Sweetness_ The Enigmatic Life of Walter Payton - Jeff Pearlman [200]
Once, while flying to an event, Payton sat next to a woman in first class who turned toward him and said, “Do I know you from somewhere?” Payton leaned close and said, “Actually, I’m one of the world’s most famous male strippers. You’ve probably seen me perform.” Payton rose, removed his jacket, and pretended to begin his routine. The woman was mortified until a boy approached and said, “Mr. Payton, can I have your autograph?”
She laughed uproariously. “Oh my God,” the woman said, cackling. “That’s the best trick anyone has ever played on me.” An executive with Wendy’s, she handed Payton a card that provided him a lifetime of free hamburgers. “Let’s just say they knew him at the Wendy’s drive-thru,” said Tucker, who worked with Payton after his retirement as the executive director of his charitable foundation. “He loved those free burgers.”

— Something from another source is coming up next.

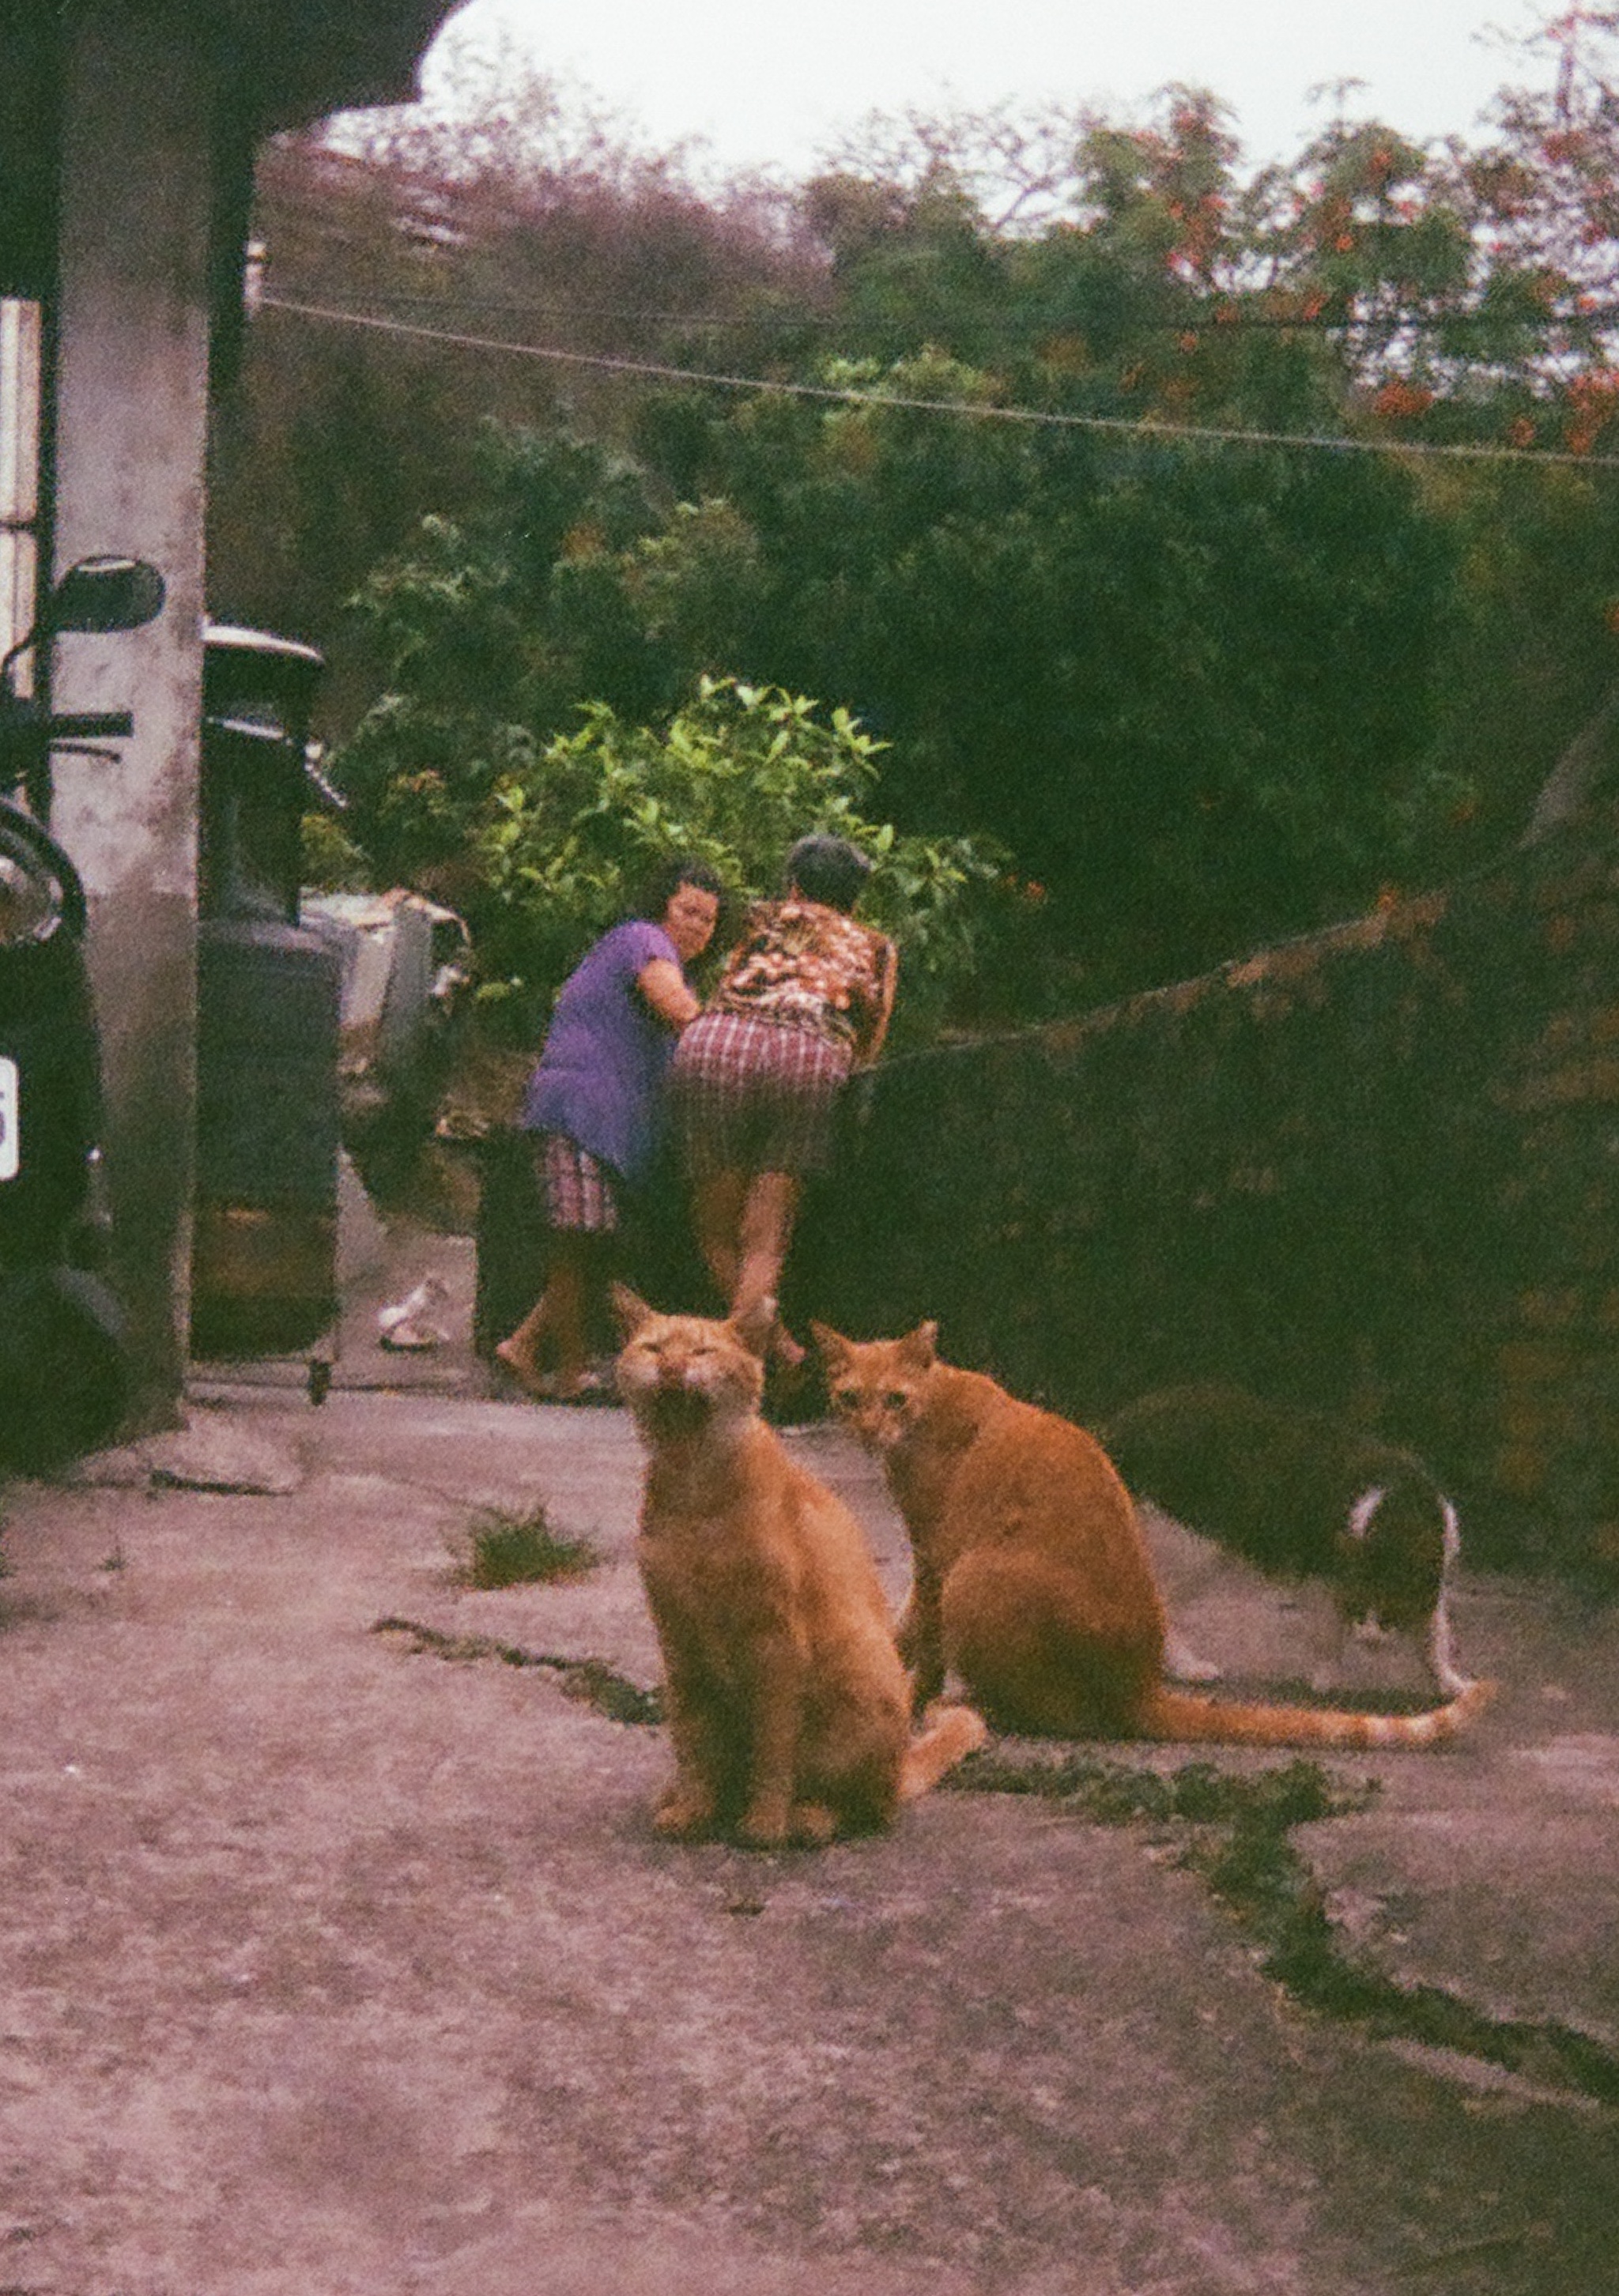 a group of cats sitting on a sidewalk, one yawning, and two women talking behind them

Walter Payton was a man who was recognized all over the country, yet he suddenly found himself very much alone. He kept in regular contact with none of his ex-teammates or coaches, and had long ago established a distant relationship with his older brother, Eddie. “When Eddie would call, a lot of the time Walter pretended he wasn’t there,” said Quirk. “He didn’t have much to talk with his brother about. The bond was iffy.”

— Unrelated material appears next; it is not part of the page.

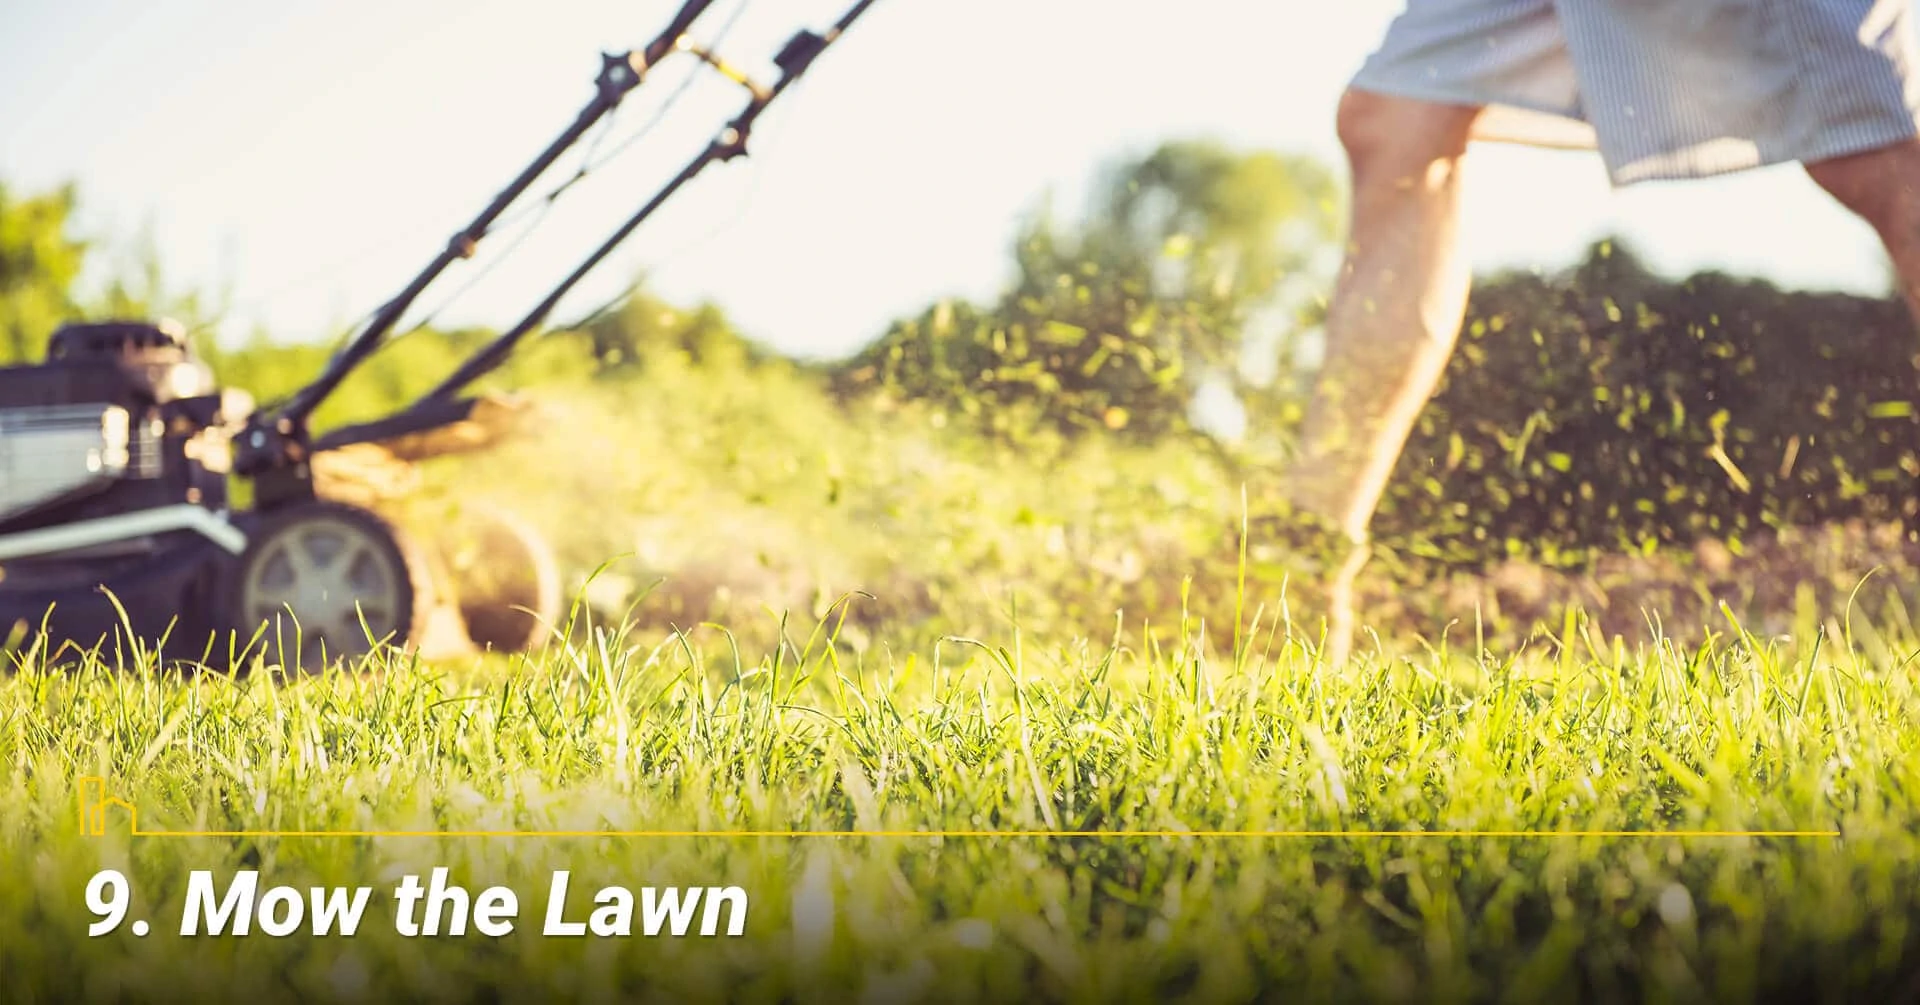 Mow the Lawn, keep your lawn in top shape

While Walter and Connie remained married, it was a union solely in name and finances. “I started working for Walter in 1987,” said Tucker. “I didn’t even know he was married until probably a year later. I just thought Connie was the mother of his kids.” Shortly after his retirement, Payton—a spokesperson for Inland Property, a real estate firm—was provided with a free fully furnished two-bedroom apartment on Chestnut Street in downtown Chicago. He eventually split his time between there, a 3,500-square foot home he purchased in the Chicago suburb of West Dundee, Illinois, and the family house at 34 Mudhank (depending on when he wanted to be at the house with Jarrett, now seven, and Brittney, three). Husband and wife spoke when necessary, and Walter’s dalliances were becoming common knowledge throughout Chicago. He confided in those he was close with that, when his children graduated high school, he would divorce Connie once and for all. “He didn’t want the children to go through the rigors of a celebrity divorce,” said Tucker. “He knew what the spotlight felt like when it was negative, and he hated the idea of Jarrett and Brittney experiencing any of that.”
To those he trusted, Walter claimed he had never actually wanted to marry Connie; that the pressures of being young and alone had forced him to make a terrible mistake. He didn’t necessarily hate her, but there was no love or, for that matter, like. There hadn’t been for a long time. “Walter knew that if he left Connie all the work he’d done to his image would go by the wayside,” said Ron Atlas, his longtime friend. “Connie was very well liked, and that was a problem. When they were a real couple, friends would always side with Connie when they argued, because she seemed like such a sweet person.”
Of all the people he knew, Payton’s closest confidant was, interestingly, Ginny Quirk.